» **ACTION ITEM**:
Lines before the one containing "Become an Open" are to be left out; that line and every line after it, through the last line below, are to be reproduced exactly.

» **EXTRACTED RECORDS**:
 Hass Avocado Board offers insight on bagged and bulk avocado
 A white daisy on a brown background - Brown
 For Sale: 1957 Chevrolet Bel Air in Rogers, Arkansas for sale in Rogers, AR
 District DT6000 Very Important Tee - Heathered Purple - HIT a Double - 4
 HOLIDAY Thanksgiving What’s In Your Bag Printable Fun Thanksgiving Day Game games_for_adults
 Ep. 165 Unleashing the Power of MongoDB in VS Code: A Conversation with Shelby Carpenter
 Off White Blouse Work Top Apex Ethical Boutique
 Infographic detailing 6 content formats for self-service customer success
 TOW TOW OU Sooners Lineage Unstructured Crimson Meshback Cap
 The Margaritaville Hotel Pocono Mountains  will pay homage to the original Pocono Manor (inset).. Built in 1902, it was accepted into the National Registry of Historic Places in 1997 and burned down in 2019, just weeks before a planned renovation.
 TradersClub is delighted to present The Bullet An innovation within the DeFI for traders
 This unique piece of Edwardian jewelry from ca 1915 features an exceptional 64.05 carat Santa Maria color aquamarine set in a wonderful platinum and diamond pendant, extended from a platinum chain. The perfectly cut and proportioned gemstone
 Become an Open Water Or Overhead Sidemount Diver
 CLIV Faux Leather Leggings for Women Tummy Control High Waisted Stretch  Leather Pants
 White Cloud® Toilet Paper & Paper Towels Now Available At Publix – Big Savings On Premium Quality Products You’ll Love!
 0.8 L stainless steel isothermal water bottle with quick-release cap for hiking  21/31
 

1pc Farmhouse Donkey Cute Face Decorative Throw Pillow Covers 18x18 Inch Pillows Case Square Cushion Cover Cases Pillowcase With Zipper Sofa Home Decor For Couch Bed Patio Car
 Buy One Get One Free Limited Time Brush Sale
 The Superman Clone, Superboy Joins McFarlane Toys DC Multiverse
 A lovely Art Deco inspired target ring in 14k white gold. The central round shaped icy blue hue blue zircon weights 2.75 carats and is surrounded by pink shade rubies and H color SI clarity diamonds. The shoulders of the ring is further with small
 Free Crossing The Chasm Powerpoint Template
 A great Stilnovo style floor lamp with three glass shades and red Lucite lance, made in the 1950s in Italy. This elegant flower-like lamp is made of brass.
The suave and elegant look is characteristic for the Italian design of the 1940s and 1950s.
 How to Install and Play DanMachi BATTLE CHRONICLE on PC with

» **SOLUTION FOR THIS EXERCISE**:
 Become an Open Water Or Overhead Sidemount Diver
 CLIV Faux Leather Leggings for Women Tummy Control High Waisted Stretch  Leather Pants
 White Cloud® Toilet Paper & Paper Towels Now Available At Publix – Big Savings On Premium Quality Products You’ll Love!
 0.8 L stainless steel isothermal water bottle with quick-release cap for hiking  21/31
 

1pc Farmhouse Donkey Cute Face Decorative Throw Pillow Covers 18x18 Inch Pillows Case Square Cushion Cover Cases Pillowcase With Zipper Sofa Home Decor For Couch Bed Patio Car
 Buy One Get One Free Limited Time Brush Sale
 The Superman Clone, Superboy Joins McFarlane Toys DC Multiverse
 A lovely Art Deco inspired target ring in 14k white gold. The central round shaped icy blue hue blue zircon weights 2.75 carats and is surrounded by pink shade rubies and H color SI clarity diamonds. The shoulders of the ring is further with small
 Free Crossing The Chasm Powerpoint Template
 A great Stilnovo style floor lamp with three glass shades and red Lucite lance, made in the 1950s in Italy. This elegant flower-like lamp is made of brass.
The suave and elegant look is characteristic for the Italian design of the 1940s and 1950s.
 How to Install and Play DanMachi BATTLE CHRONICLE on PC with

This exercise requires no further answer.